Task instructions: Give the number of lines below with "White" in them, leaving out anything else.
════════════════════
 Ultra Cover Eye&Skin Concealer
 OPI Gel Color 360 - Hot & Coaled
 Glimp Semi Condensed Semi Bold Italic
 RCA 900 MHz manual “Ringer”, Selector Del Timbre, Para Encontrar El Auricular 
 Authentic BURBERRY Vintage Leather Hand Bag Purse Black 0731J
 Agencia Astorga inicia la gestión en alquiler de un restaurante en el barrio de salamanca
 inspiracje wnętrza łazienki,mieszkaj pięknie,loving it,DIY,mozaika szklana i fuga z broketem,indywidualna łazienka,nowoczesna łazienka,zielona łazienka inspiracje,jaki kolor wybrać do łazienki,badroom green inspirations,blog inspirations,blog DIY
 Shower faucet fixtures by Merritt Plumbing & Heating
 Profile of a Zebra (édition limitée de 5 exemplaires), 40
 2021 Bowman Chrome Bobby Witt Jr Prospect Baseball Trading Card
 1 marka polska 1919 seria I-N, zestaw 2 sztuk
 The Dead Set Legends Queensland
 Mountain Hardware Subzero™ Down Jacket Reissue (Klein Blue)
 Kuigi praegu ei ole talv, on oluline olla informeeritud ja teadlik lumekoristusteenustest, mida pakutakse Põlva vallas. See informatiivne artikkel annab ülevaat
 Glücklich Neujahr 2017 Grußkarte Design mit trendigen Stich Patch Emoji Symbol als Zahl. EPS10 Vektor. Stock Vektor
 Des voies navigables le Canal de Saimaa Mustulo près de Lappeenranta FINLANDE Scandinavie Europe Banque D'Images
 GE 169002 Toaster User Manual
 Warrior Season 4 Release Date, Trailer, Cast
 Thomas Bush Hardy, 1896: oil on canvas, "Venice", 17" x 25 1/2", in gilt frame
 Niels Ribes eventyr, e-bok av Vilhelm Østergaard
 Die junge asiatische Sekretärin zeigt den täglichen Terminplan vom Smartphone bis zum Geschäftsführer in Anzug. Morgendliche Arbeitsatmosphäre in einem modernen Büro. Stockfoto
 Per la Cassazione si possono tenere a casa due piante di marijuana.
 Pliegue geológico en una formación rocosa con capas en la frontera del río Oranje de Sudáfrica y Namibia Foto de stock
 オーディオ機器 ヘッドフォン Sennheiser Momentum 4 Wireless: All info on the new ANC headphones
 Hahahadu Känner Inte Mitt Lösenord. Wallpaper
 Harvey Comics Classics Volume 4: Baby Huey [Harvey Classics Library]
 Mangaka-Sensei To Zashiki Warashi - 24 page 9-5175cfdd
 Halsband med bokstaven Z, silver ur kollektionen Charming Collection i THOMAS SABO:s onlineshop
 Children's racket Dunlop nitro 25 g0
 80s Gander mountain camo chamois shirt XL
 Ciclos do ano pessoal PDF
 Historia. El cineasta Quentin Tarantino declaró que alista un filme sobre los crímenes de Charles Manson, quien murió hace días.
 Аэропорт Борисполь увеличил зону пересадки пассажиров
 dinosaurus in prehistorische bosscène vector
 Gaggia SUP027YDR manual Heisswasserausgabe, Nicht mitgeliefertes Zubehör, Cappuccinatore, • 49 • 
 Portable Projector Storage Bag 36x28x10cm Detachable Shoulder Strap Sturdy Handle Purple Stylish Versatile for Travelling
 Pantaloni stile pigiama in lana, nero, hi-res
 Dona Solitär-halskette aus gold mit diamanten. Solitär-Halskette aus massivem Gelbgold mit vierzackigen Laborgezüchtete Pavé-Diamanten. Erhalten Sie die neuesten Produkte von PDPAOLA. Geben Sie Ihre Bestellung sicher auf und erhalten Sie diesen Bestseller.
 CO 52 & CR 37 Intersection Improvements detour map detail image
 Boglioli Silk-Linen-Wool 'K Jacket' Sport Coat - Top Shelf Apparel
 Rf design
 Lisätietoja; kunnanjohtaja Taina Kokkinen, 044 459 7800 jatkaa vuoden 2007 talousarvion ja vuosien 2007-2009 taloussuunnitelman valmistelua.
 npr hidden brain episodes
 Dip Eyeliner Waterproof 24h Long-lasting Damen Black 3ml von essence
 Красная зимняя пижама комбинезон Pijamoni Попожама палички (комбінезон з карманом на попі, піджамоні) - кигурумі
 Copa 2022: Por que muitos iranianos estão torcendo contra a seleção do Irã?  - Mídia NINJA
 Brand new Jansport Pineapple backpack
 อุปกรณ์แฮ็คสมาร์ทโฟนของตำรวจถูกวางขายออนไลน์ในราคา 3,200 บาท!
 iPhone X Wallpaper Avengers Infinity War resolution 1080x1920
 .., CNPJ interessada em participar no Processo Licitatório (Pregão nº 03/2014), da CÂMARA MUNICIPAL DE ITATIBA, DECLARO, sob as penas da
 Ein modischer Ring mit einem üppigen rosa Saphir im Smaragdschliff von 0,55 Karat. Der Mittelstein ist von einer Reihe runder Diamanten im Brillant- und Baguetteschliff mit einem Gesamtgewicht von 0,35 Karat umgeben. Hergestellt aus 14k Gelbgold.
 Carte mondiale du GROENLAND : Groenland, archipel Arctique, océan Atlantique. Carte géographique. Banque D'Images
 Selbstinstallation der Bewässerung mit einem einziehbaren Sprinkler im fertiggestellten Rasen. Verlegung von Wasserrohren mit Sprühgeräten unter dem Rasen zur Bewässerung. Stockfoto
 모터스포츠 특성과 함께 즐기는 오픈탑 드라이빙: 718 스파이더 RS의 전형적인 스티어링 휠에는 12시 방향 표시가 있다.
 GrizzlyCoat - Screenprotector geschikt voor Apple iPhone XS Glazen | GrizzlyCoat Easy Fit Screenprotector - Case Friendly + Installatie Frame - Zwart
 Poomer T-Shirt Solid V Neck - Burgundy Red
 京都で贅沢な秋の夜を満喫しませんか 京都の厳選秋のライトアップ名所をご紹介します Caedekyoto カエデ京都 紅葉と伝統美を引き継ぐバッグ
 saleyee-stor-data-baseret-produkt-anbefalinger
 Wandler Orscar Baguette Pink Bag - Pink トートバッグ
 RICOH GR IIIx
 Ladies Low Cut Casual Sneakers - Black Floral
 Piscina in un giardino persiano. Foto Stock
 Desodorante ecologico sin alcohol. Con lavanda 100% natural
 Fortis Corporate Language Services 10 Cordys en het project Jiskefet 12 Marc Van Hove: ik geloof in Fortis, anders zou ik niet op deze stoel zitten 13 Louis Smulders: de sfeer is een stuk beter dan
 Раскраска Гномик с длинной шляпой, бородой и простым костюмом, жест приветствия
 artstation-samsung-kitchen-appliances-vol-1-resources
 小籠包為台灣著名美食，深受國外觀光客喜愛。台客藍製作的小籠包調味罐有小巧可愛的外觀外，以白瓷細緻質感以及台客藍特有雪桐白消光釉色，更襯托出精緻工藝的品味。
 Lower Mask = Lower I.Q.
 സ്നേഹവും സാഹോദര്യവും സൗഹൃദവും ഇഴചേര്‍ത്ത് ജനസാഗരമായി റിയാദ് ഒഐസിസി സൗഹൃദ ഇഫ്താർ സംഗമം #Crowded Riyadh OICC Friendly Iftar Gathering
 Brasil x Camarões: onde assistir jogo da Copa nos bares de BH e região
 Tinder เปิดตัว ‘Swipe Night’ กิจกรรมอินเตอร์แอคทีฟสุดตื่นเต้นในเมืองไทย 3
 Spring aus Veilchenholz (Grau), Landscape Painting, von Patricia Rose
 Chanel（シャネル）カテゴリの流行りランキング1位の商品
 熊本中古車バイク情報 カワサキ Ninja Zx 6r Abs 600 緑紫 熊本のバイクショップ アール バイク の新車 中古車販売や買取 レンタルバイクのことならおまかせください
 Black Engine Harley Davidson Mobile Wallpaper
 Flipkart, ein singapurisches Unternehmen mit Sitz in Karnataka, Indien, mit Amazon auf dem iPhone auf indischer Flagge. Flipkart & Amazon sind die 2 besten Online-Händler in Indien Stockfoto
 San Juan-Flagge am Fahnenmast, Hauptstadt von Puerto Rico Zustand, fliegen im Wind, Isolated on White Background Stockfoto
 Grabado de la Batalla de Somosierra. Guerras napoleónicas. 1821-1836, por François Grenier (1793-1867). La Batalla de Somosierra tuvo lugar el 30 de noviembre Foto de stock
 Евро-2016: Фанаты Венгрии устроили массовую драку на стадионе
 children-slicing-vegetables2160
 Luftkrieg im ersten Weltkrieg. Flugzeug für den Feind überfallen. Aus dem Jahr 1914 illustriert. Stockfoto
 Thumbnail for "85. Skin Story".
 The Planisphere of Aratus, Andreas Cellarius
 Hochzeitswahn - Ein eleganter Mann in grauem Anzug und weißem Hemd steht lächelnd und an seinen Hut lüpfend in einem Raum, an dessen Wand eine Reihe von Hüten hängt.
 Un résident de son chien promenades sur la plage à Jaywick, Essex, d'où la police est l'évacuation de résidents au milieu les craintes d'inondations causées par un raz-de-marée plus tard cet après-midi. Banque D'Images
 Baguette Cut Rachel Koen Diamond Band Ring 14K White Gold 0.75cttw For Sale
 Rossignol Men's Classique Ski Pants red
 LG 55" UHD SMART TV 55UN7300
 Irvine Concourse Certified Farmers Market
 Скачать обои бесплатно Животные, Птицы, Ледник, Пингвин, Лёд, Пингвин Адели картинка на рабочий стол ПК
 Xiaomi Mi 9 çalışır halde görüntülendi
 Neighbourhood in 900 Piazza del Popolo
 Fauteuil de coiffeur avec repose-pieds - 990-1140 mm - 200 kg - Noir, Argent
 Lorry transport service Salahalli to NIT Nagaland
════════════════════
Solution below: 2